Collected data>
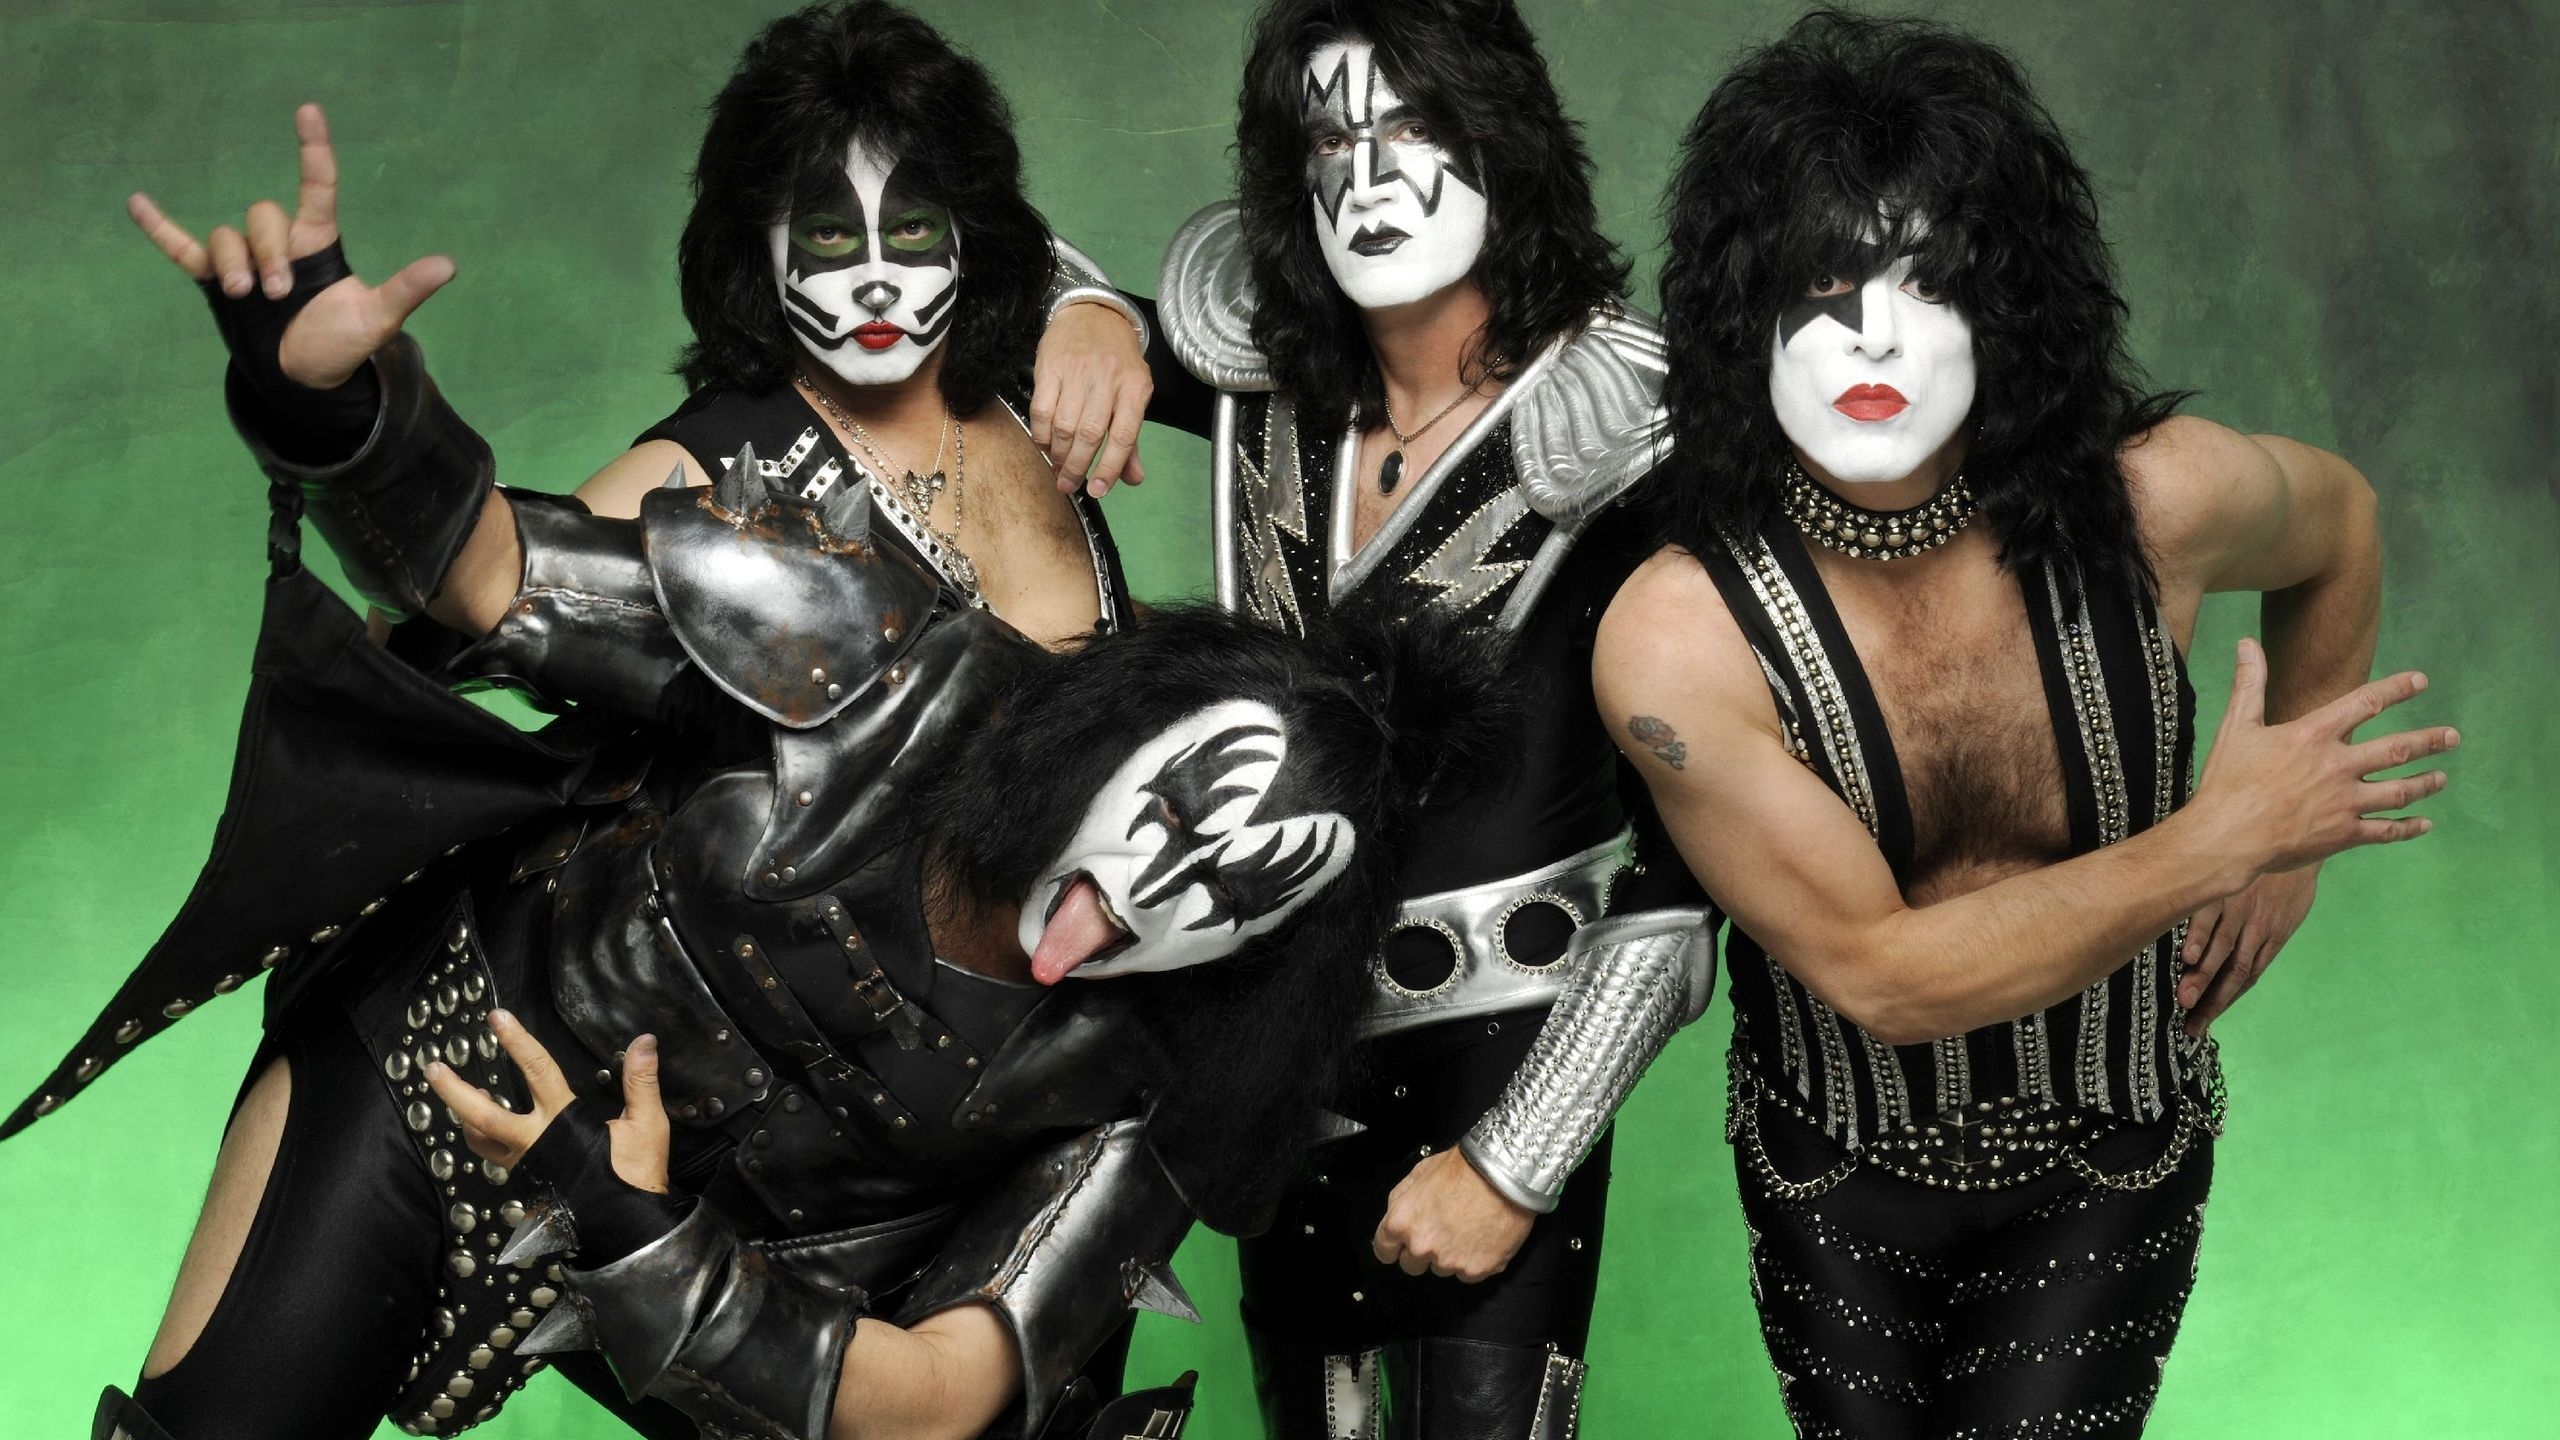 Kiss The Rock for 2560x1440 HDTV resolution
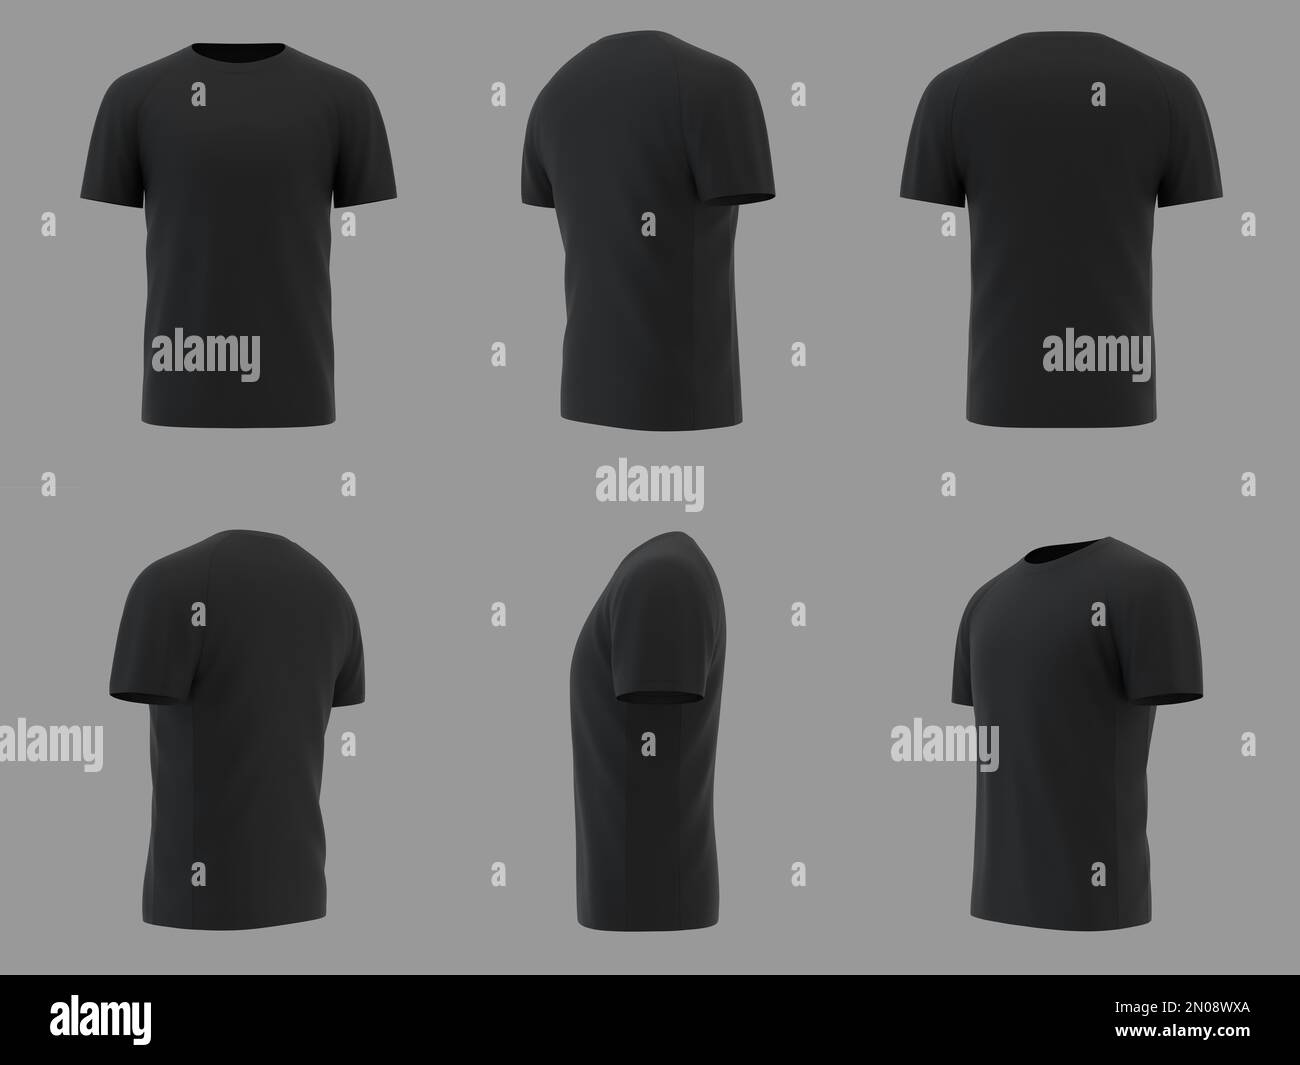 Blank black shirt mockup template, front and back view, isolated on white  plain t-shirt mockup. Sweater t-shirt design presentation for printing  Stock Photo - Alamy
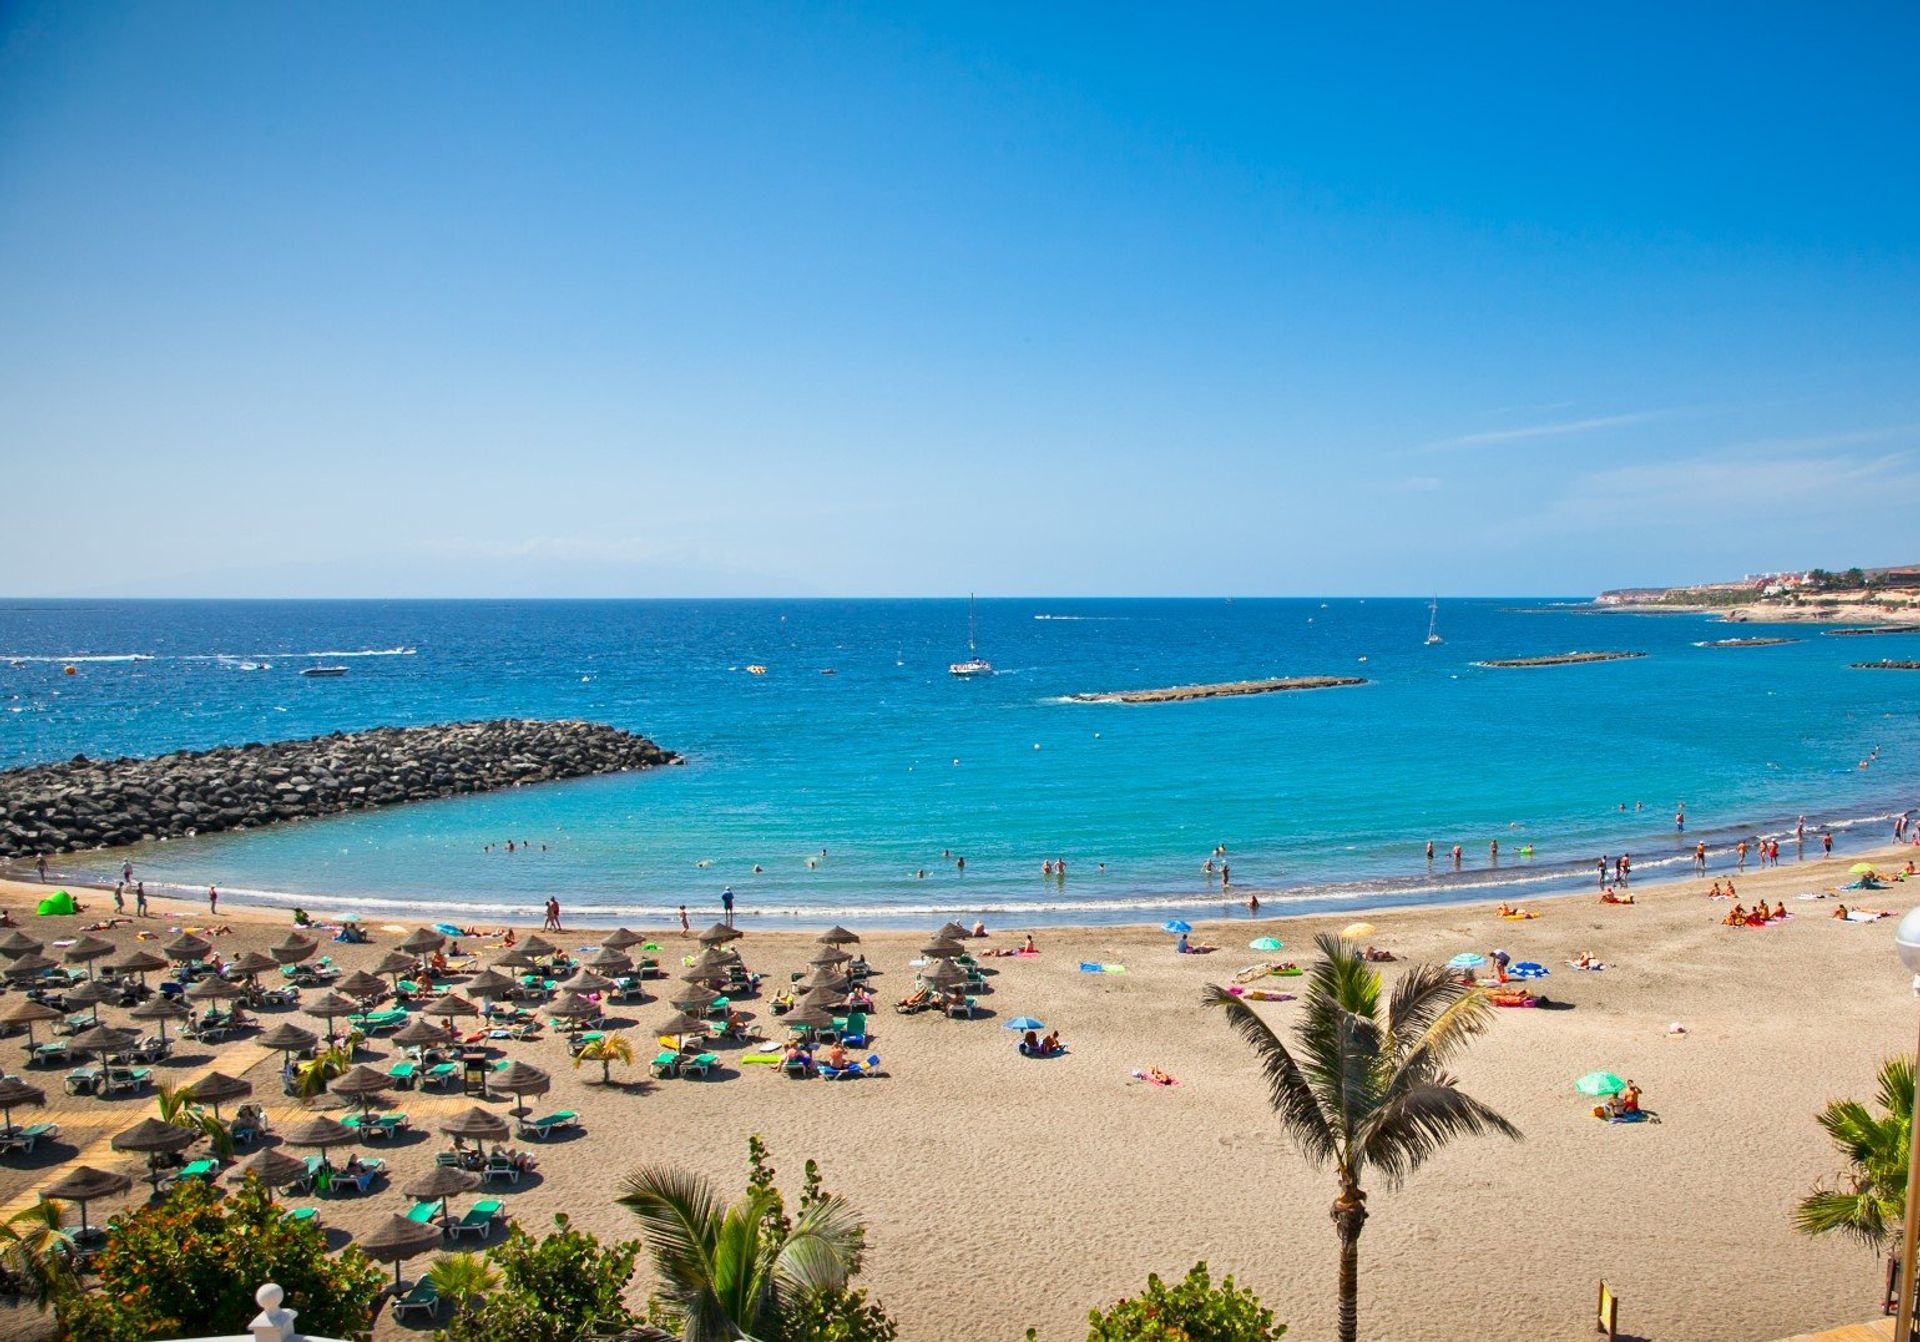 The blue waters, golden sands and lively atmosphere of Playa de las Americas, less than a 20 minute drive from Arona
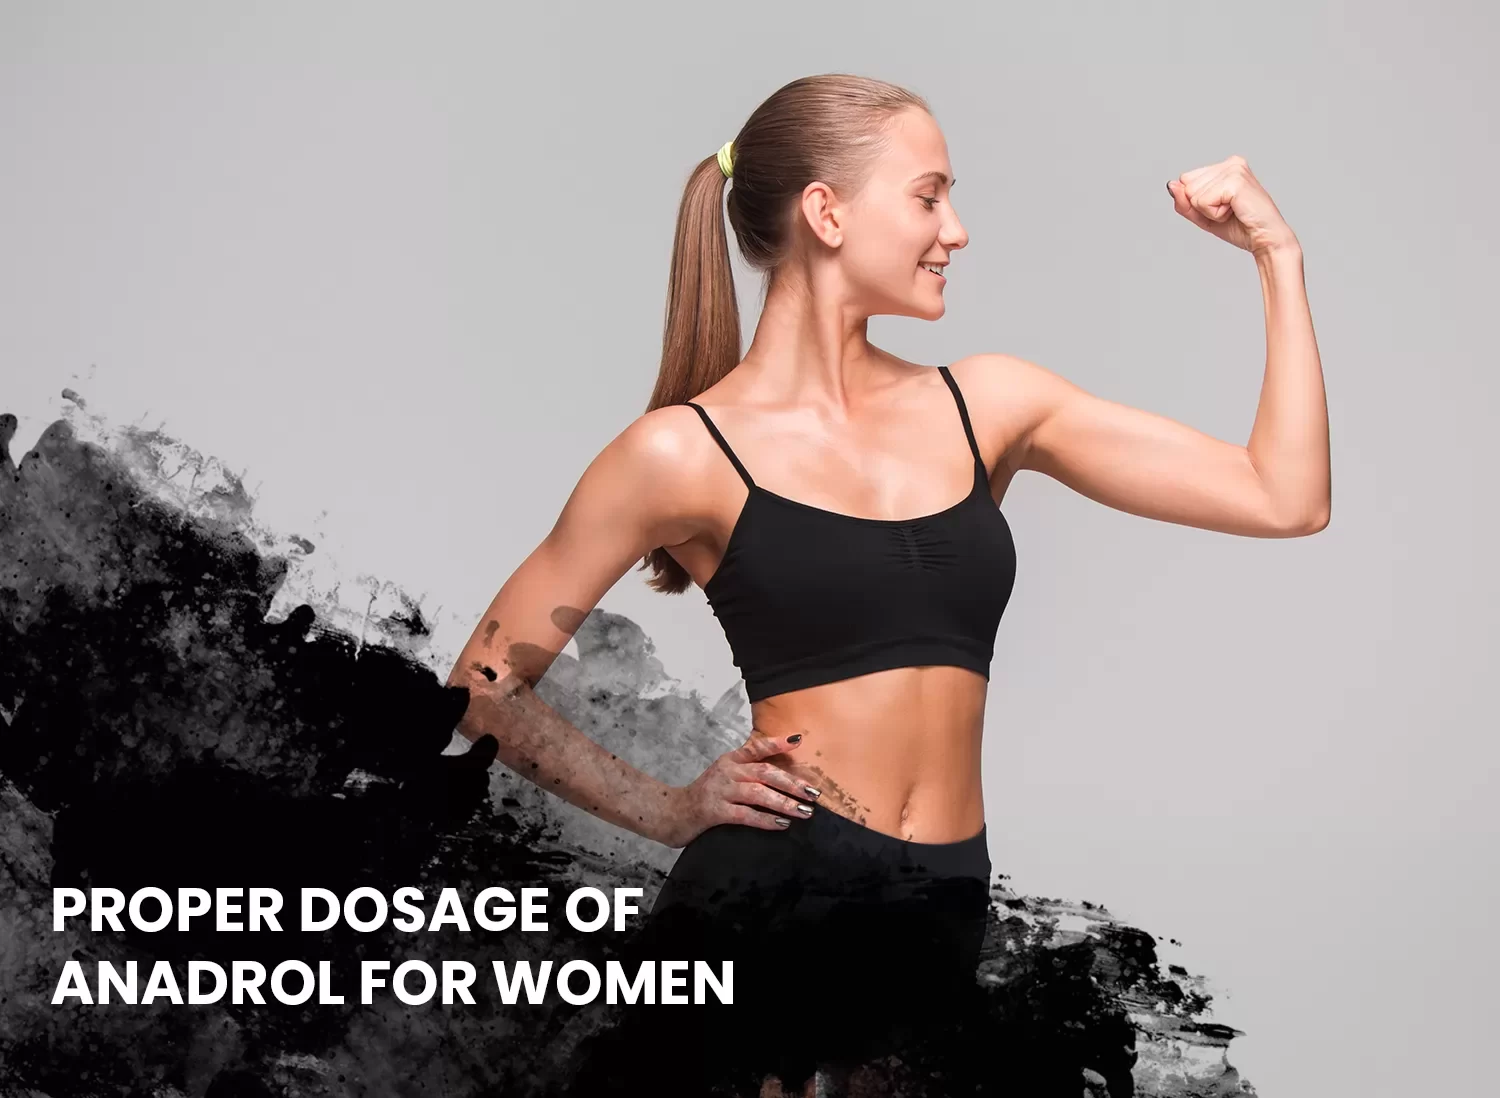 Anadrol for women dosage

What to work on> Leaving out the pictures, restate the listing above exactly.

Solution below>
 Kiss The Rock for 2560x1440 HDTV resolution
 Blank black shirt mockup template, front and back view, isolated on white  plain t-shirt mockup. Sweater t-shirt design presentation for printing  Stock Photo - Alamy
 The blue waters, golden sands and lively atmosphere of Playa de las Americas, less than a 20 minute drive from Arona
 Anadrol for women dosage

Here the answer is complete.